Supplied records.
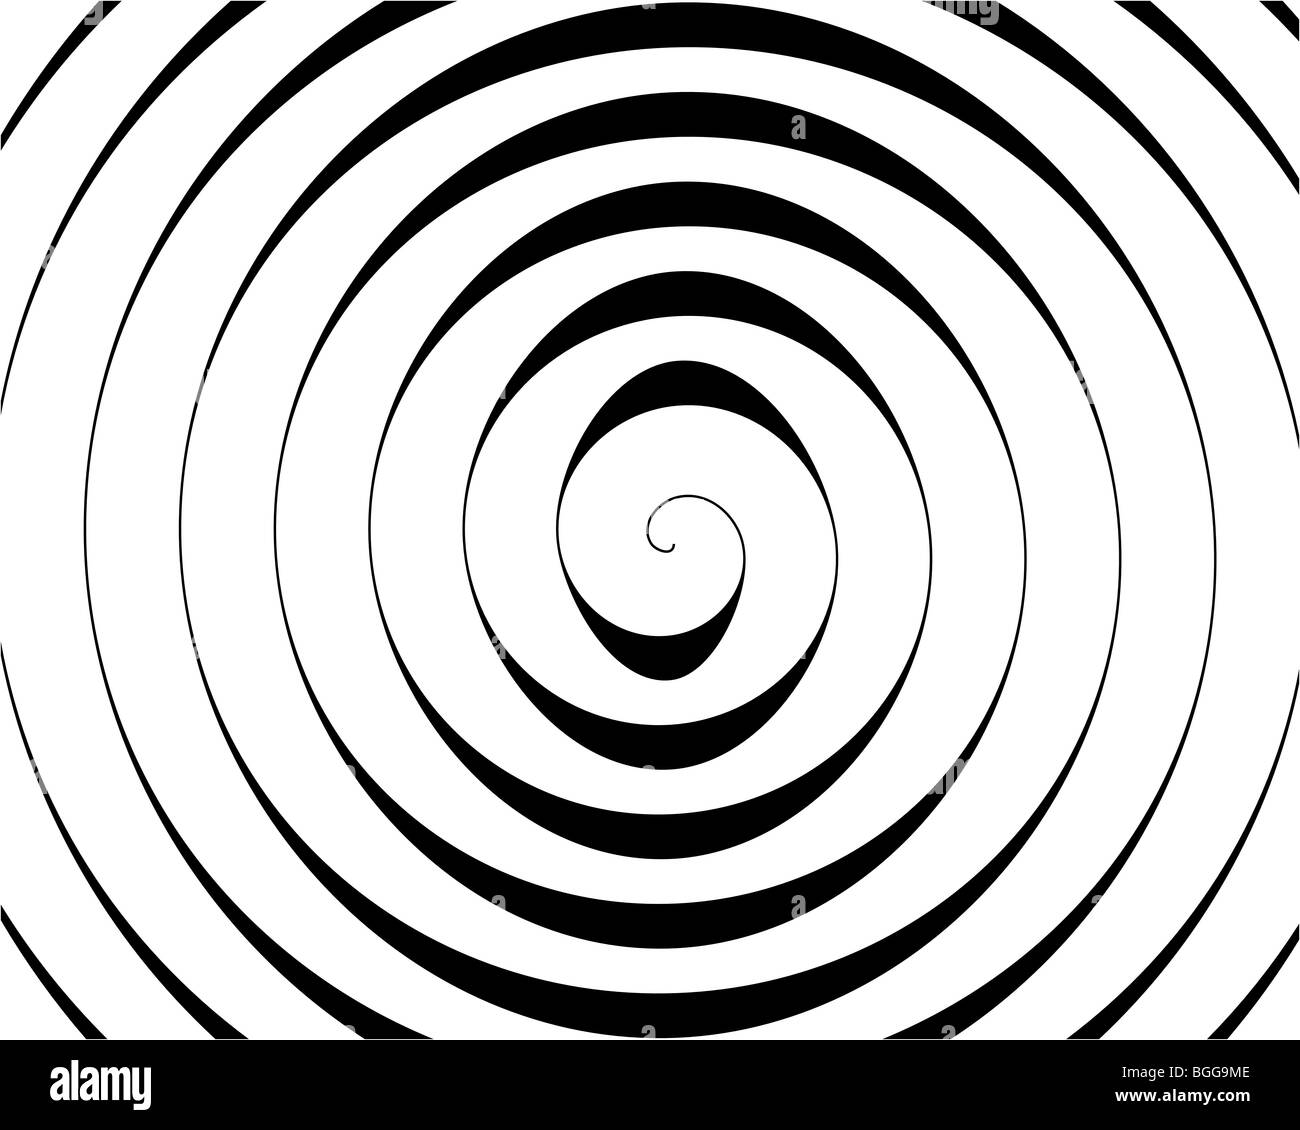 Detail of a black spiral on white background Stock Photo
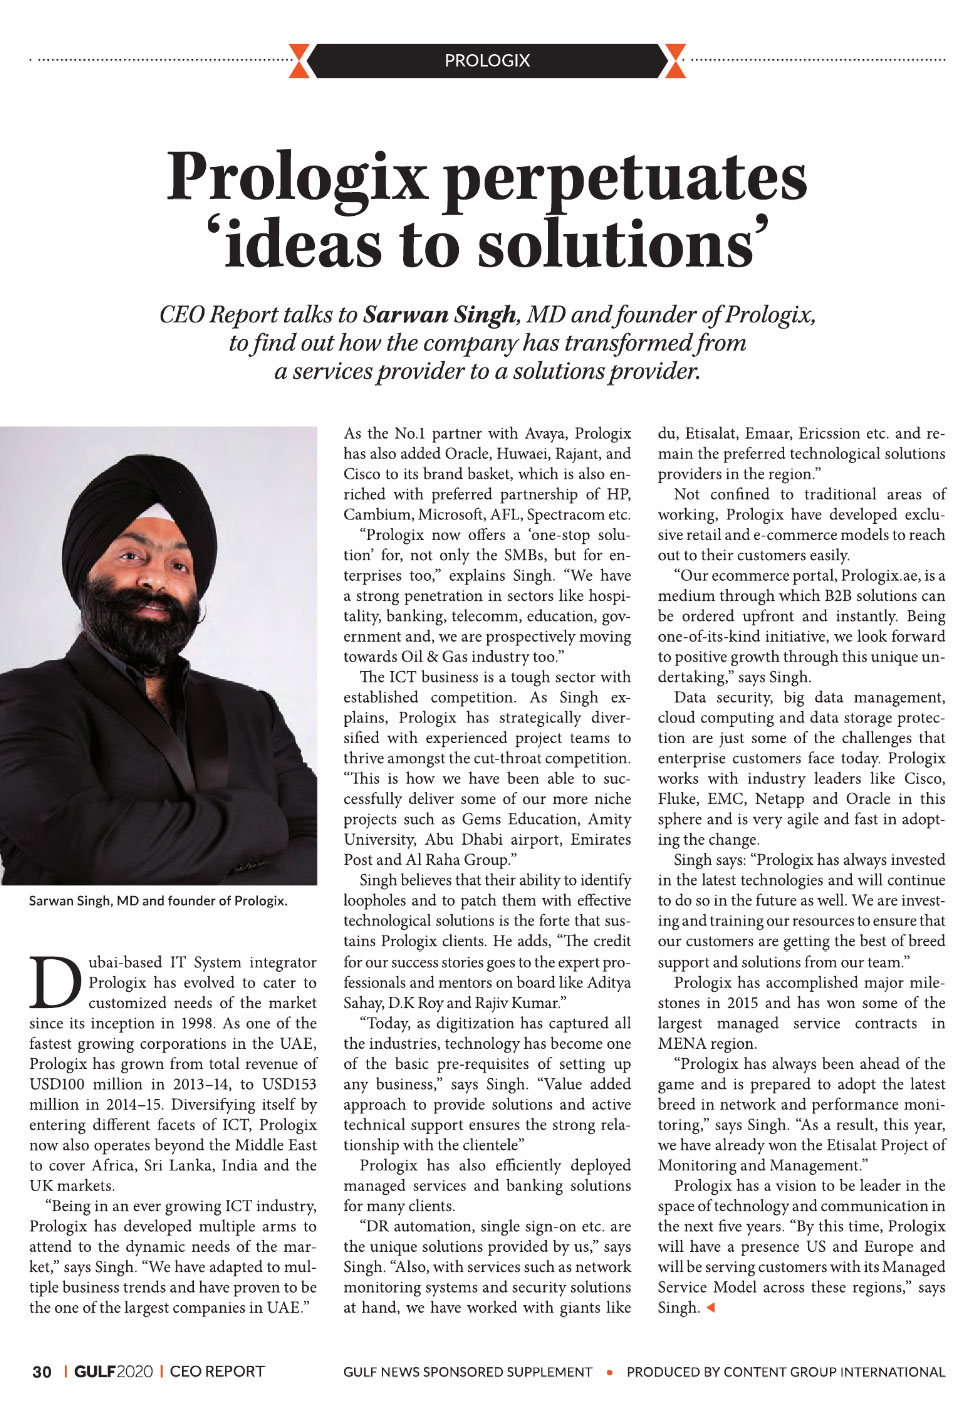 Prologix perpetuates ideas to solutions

* * *

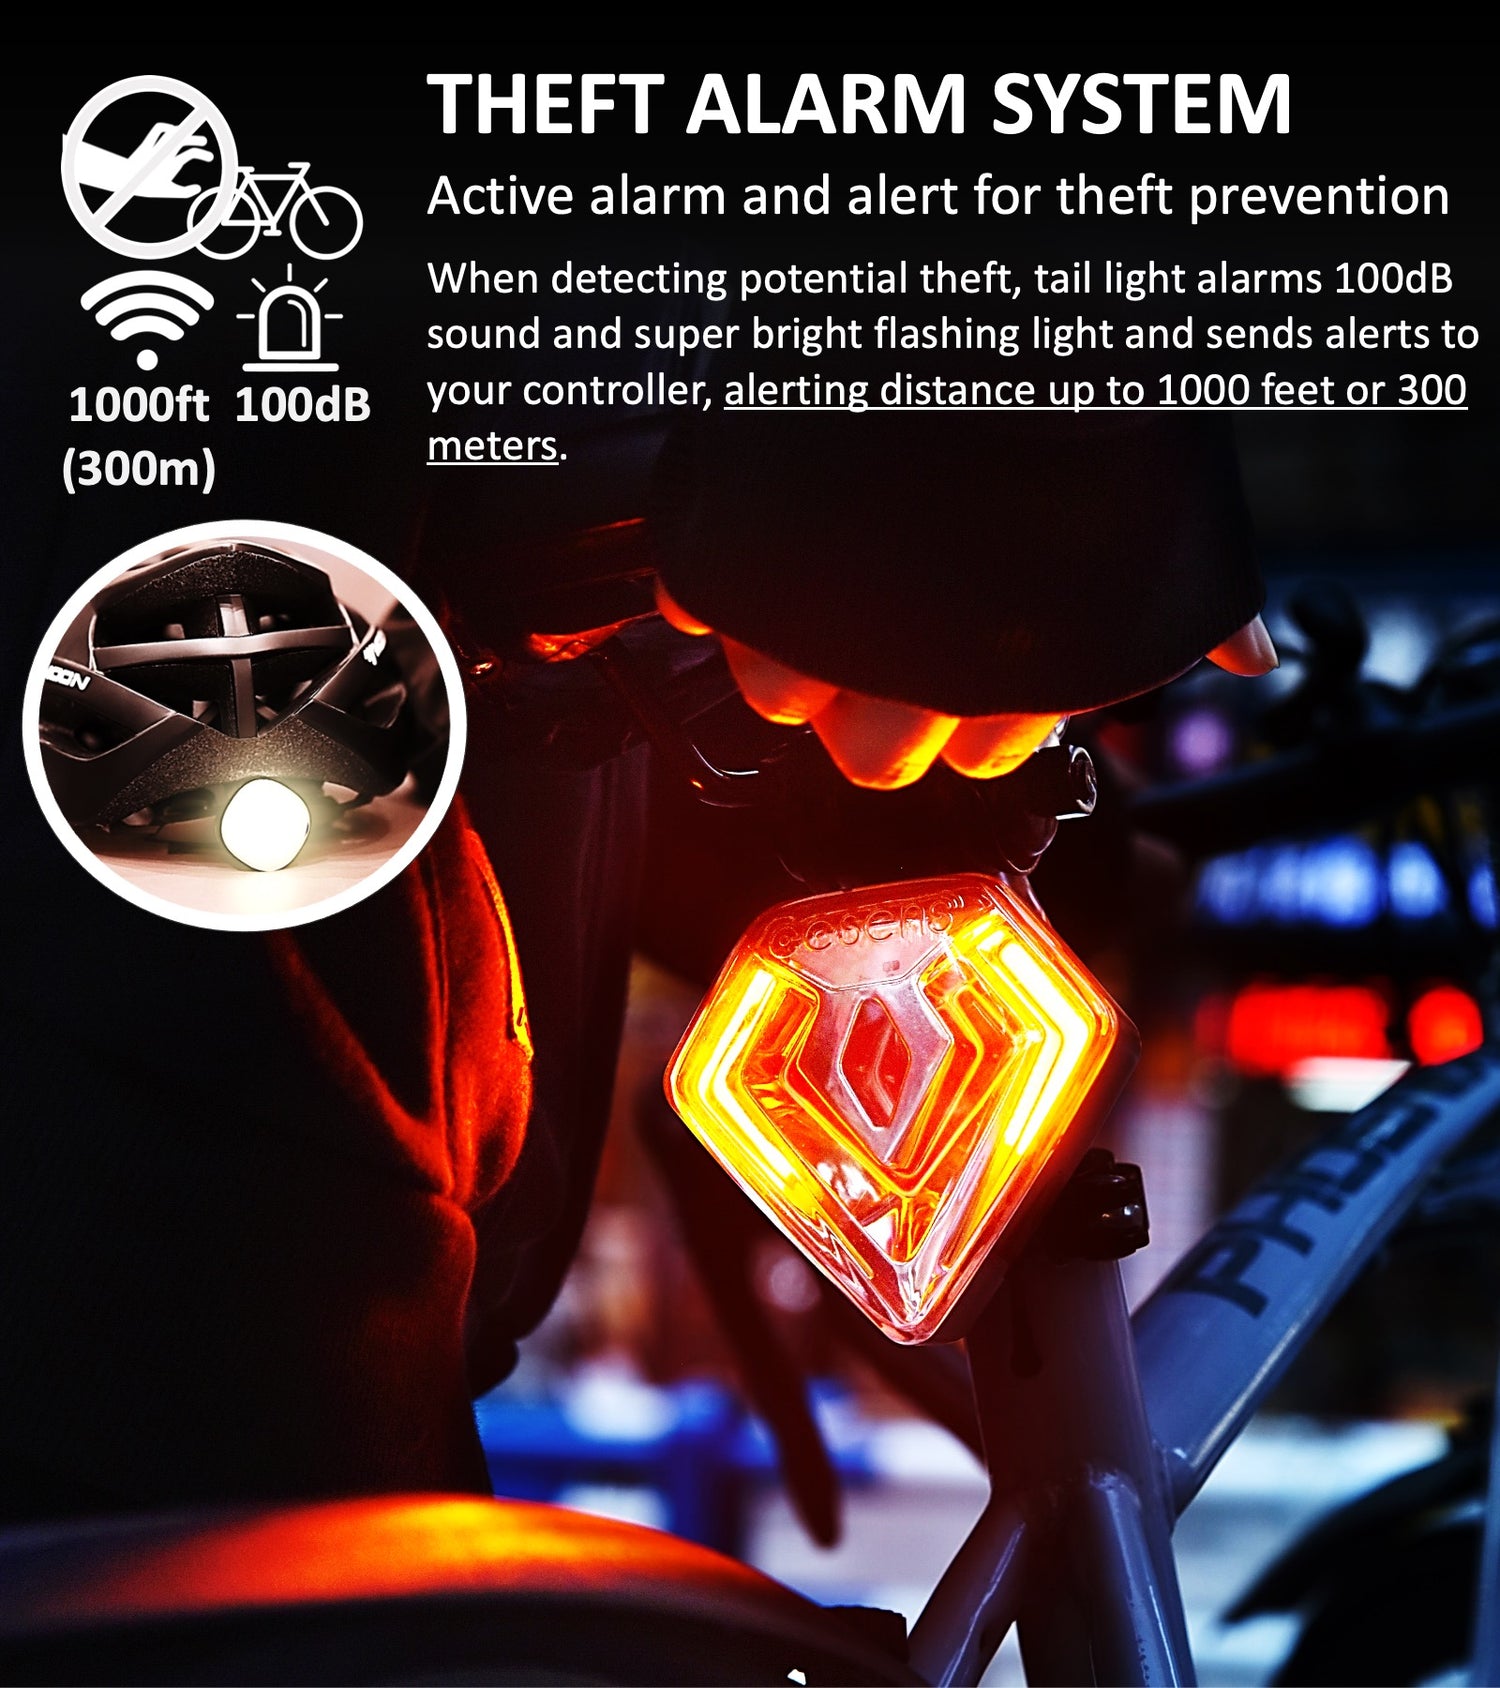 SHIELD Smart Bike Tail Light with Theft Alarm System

Activity. Out of the records above, return only the lines from the one with "Detail of a" through the one with "Prologix perpetuates ideas to solutions", exactly, and none of the pictures.

Result of this exercise.
 Detail of a black spiral on white background Stock Photo
 Prologix perpetuates ideas to solutions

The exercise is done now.